Data excerpt -

========================================================================

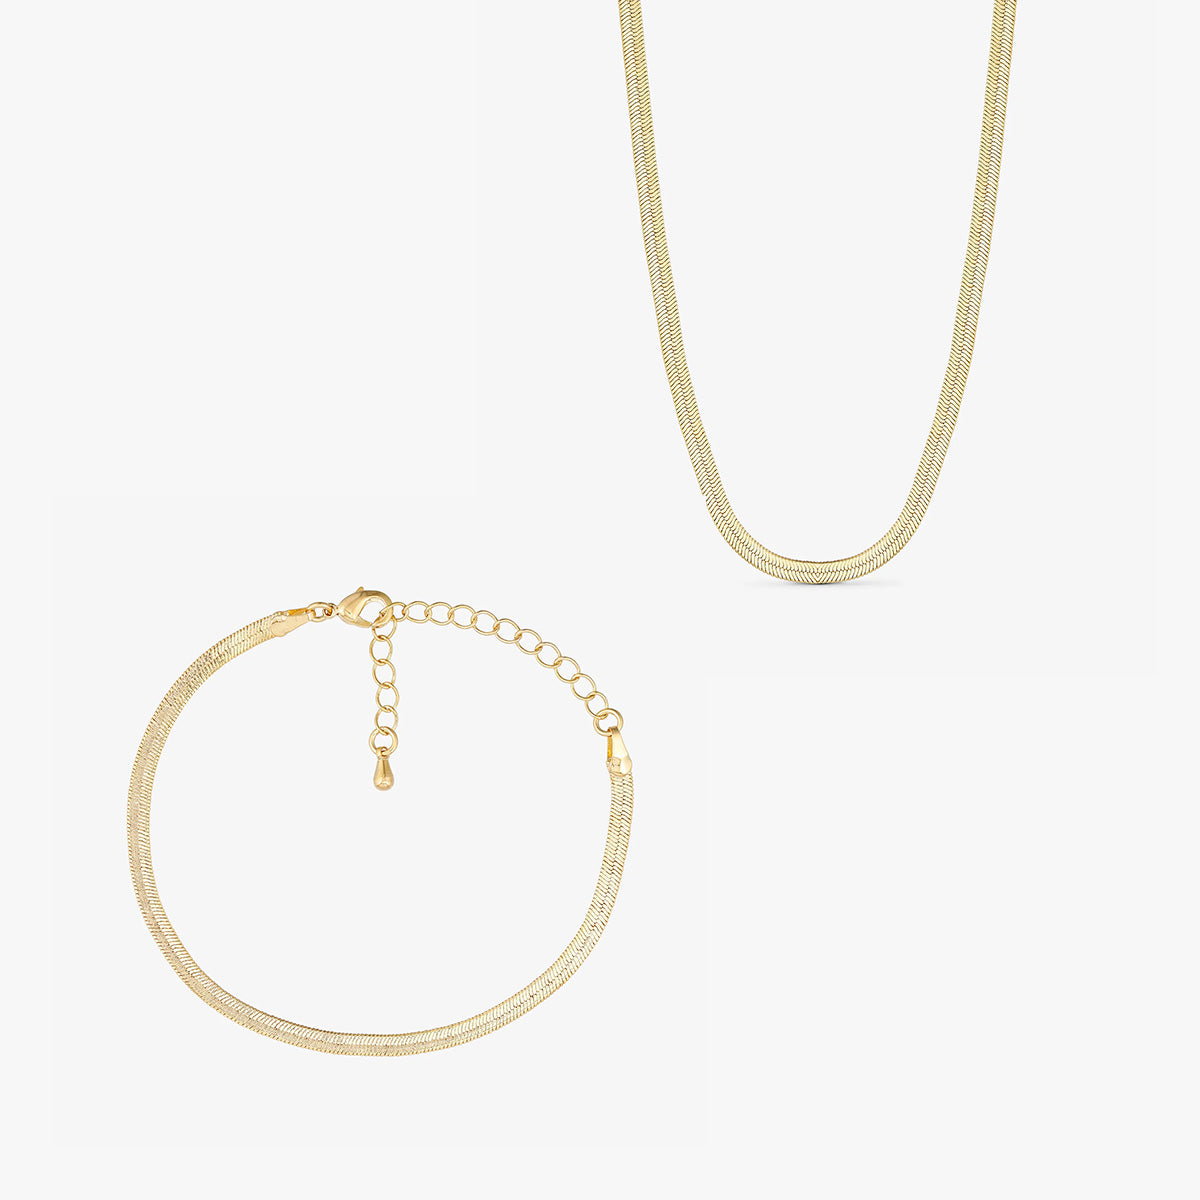 Jewelery set - Laura Necklace / Laura Bracelet - 18 carat gold plated
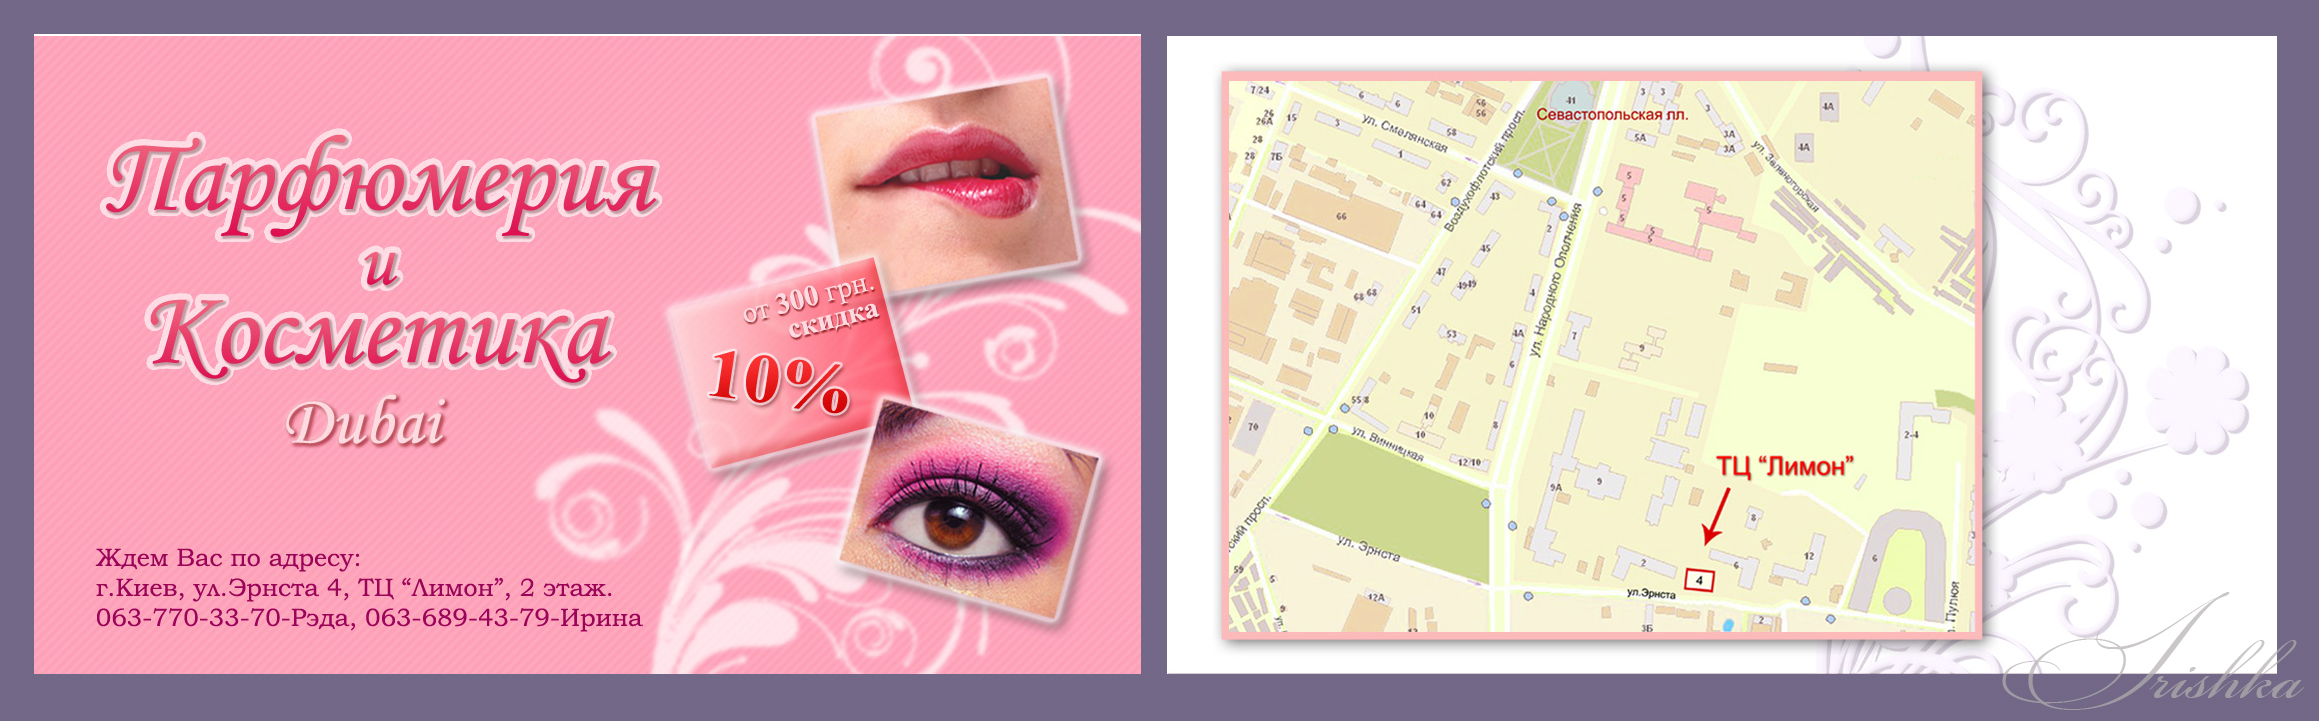 Дизайн визиток для магазина парфюмерии и косметики
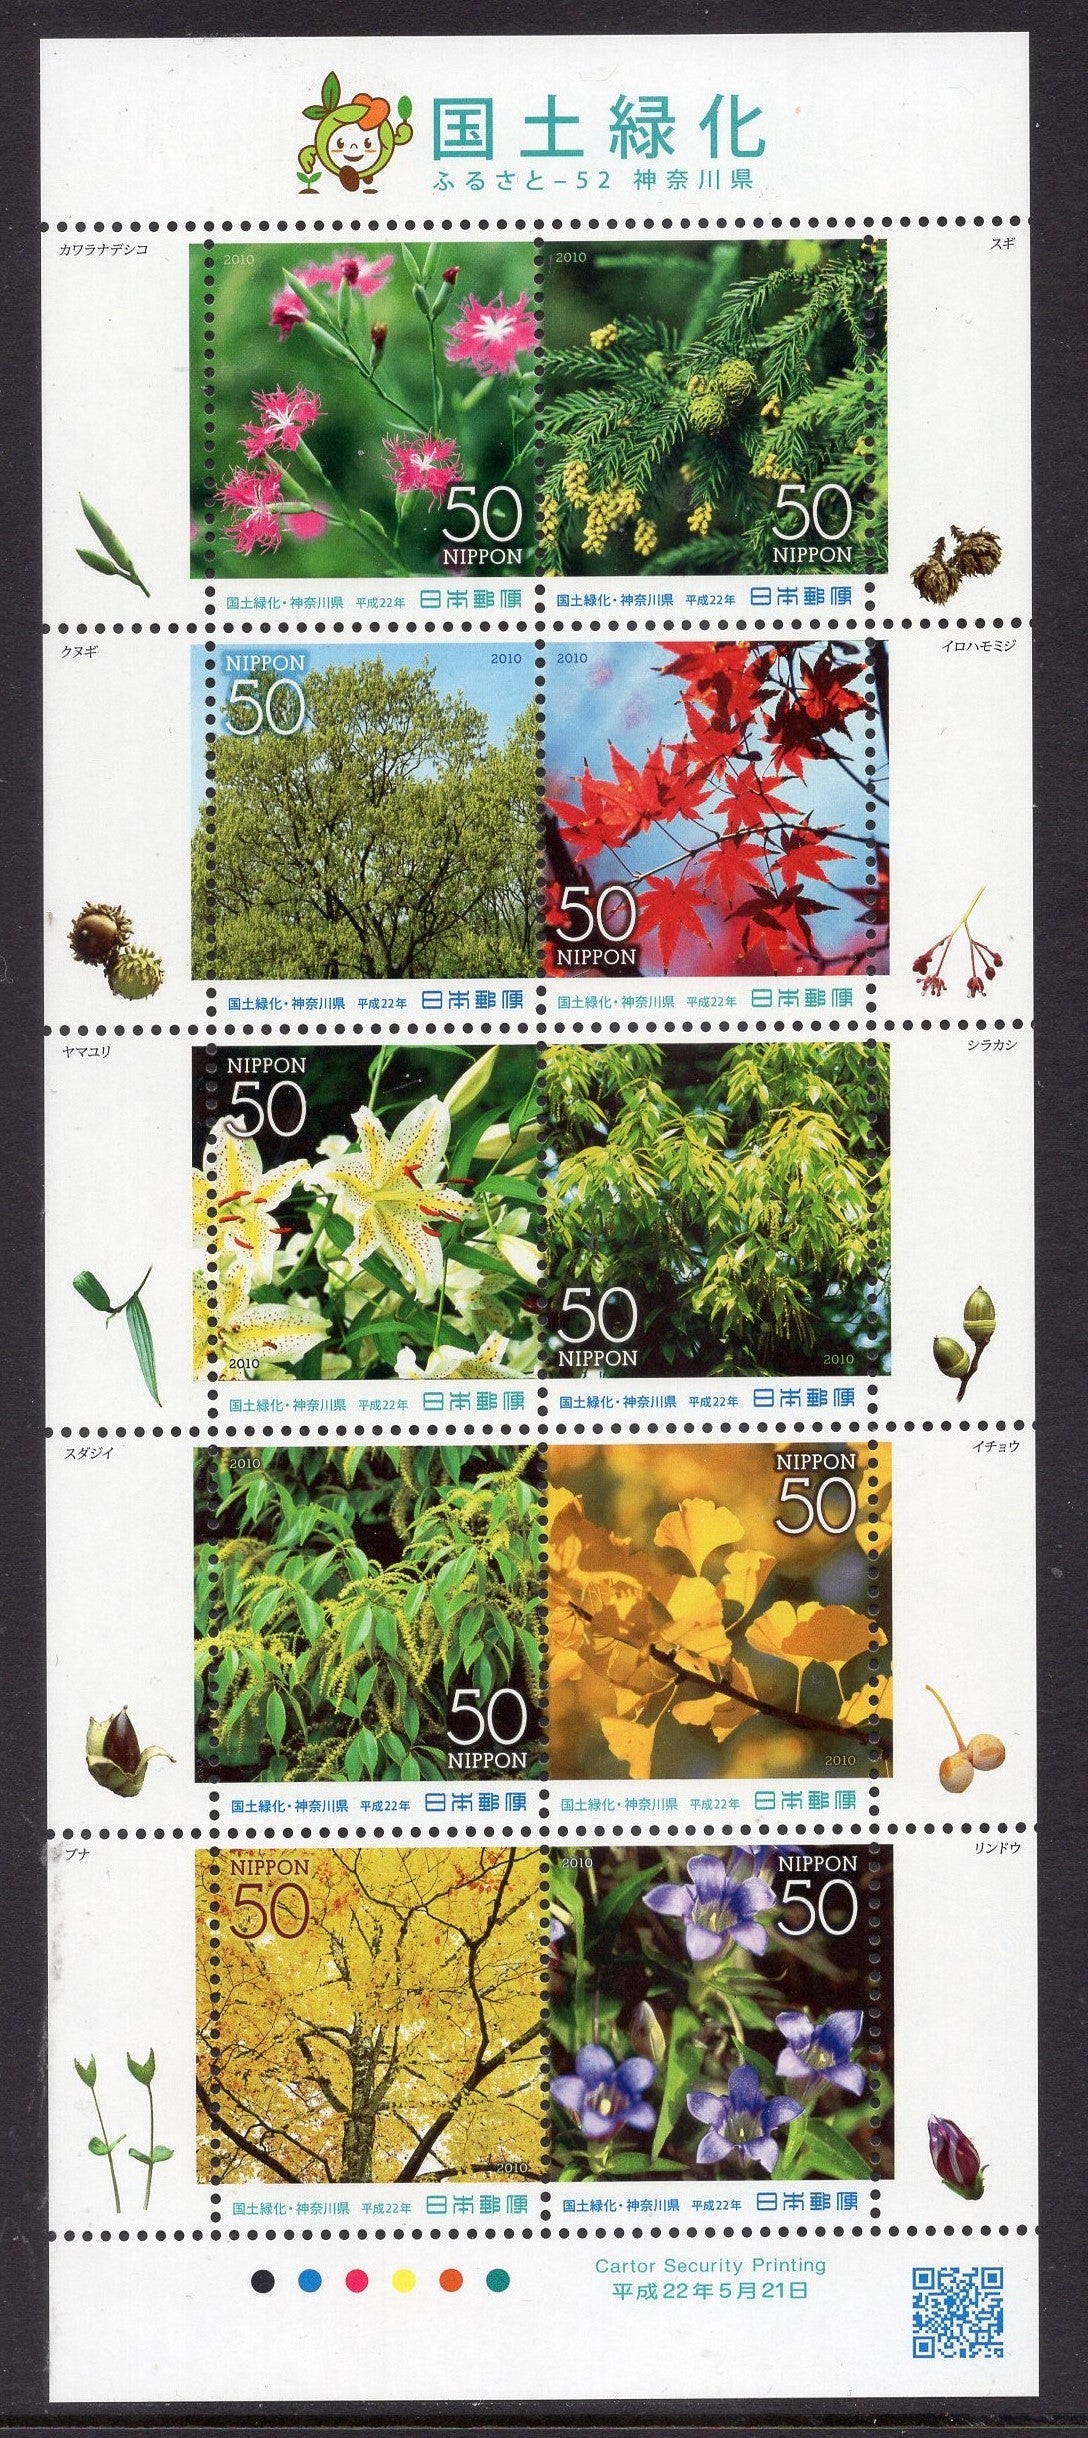 JAPAN - KANAGAWA PREFECTURE LAND AFFORESTATION Campaign MiniSheet of 10 Stamps.

========================================================================

What you should do - Copy nothing but the lines from the line that contains "Дизайн визиток для" through the end of the listing, exactly, and keep pictures out of it.

Result of this task -
 Дизайн визиток для магазина парфюмерии и косметики
 JAPAN - KANAGAWA PREFECTURE LAND AFFORESTATION Campaign MiniSheet of 10 Stamps.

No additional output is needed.